1 2 3>>> a[101] = 'Jennifer' >>> a {100: 'Taylor', 101: 'Jeniffer', 102: 'Abby', 103: 'Taylor'}
We can remove a key using the pop method
1 2 3 4>>> a.pop(103) 'Taylor' >>> a {100: 'Taylor', 101: 'Jeniffer', 102: 'Abby'}
Finally, Python has some cool built-in methods for the dictionary. Here are a few:
1 2 3 4 5 6>>> a.keys() [100, 101, 102] >>> a.values() ['Taylor', 'Jeniffer', 'Abby'] >>> len(a) 3
Example Question
Imagine we have a list of phone numbers and the names of their owners. Answer the following questions:
- 'Jane Doe' is given a new phone number. Unfortunately, this name already exists in the list. What do we do?
- 'James Brown' gets rid of his phone number. Can we use his old phone number for the next person who gets a phone?
- Is the update function allowed in this scenario?
- A1. It's okay to map a different phone number to this name.
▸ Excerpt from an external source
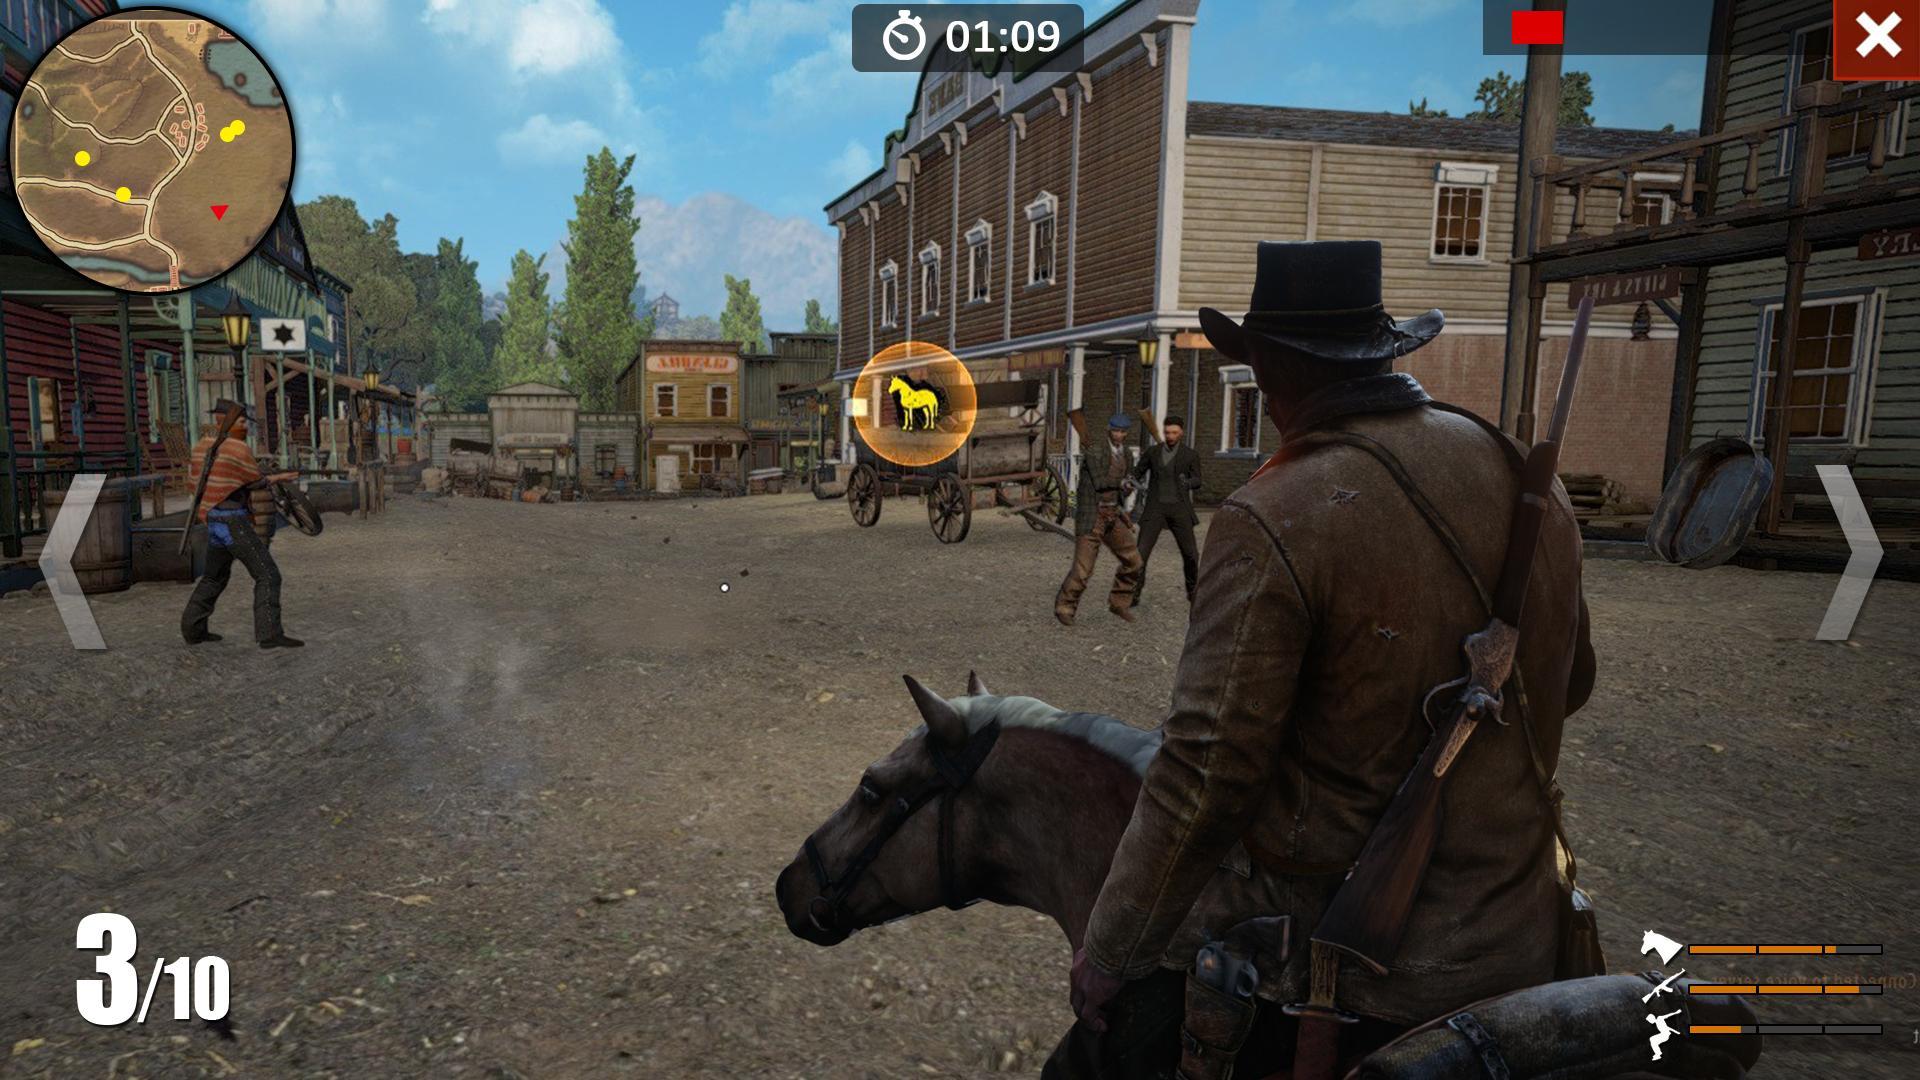 Guerra de vaqueros for Android - APK Download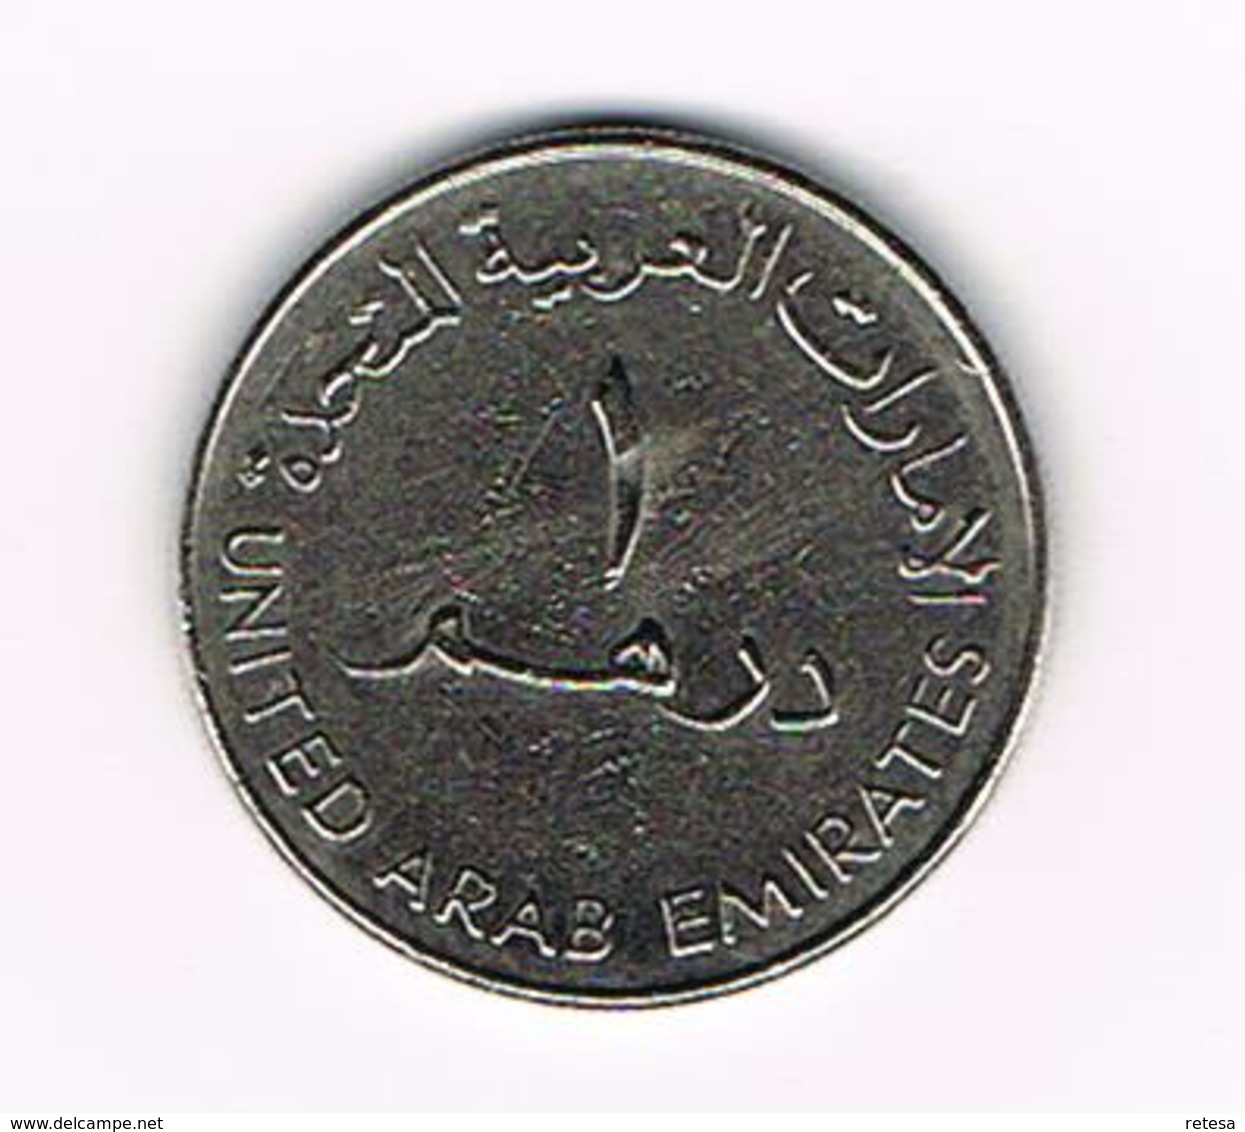 /  UNITED ARAB EMIRATES  1 DIRHAM 2005  REDUCED  SIZE - Verenigde Arabische Emiraten

After all, multiple instances of the same value are allowed in an associative array.
- A2. Yes, this is okay because we've had to remove that (key, value) pair from the list.
- A3. Sure, we can update someone's phone number as long as it's not being used by someone else.
Time Complexity
The specific implementation of the associative array has a massive impact on its runtime.
Operation\(\hspace{10mm}\) | Array\(\hspace{10mm}\) | Red-Black Tree\(\hspace{10mm}\) | Hash Table |
insert | \(O(n)\) | \(O\big(\log(n)\big)\) | \(O(1)\)** |
remove | \(O(n)\) | \(O\big(\log(n)\big)\) | \(O(1)\)** |
update | \(O(n)\) | \(O\big(\log(n)\big)\) | \(O(1)\)** |
lookup | \(O(n)\) | \(O\big(\log(n)\big)\) | \(O(1)\)** |
**Depends on collision handling.
Implementations that use an array, like the one above, are very inefficient. To do any operation at all, you need to iterate through every pair in the array in the worst case. For that reason, associative arrays are rarely, if ever, implemented using arrays.
Red-black trees are much faster than arrays. Because they are binary search trees, they can be searched through in \(O(\log n)\) time. This makes every operation faster when compared with the array.
Hash tables are the reason that associative arrays are so popular in computer science. By introducing a hash function, the implementer can guarantee that the same key will hash to the same value every time. Then, lookup is fast because you just have to look in the correct cell to find the value. It is important to note that collisions can happen when two different keys hash to the same value. There are different ways to resolve these collisions (which all have varying effects on runtime), but collisions are generally undesirable.
Applications of Associative Arrays
Associative arrays are used in a wide range of computer science areas. They are often used in programming patterns and paradigms such as memoization. This technique emphasizes the storing and quick retrieval of information, and the memo is often implemented using a hash table.
All objects in JavaScript are actually associative arrays. JSON, a popular web communication standard, is also an associative array. JSON has gained popularity recently with the rise of JavaScript-based web platforms such as node.js.
An entire type of database called NoSQL databases are based on associative arrays. These databases use associative arrays to store (key, value) pairs. This type of database specializes in fast data retrieval. Exactly like the hash tables.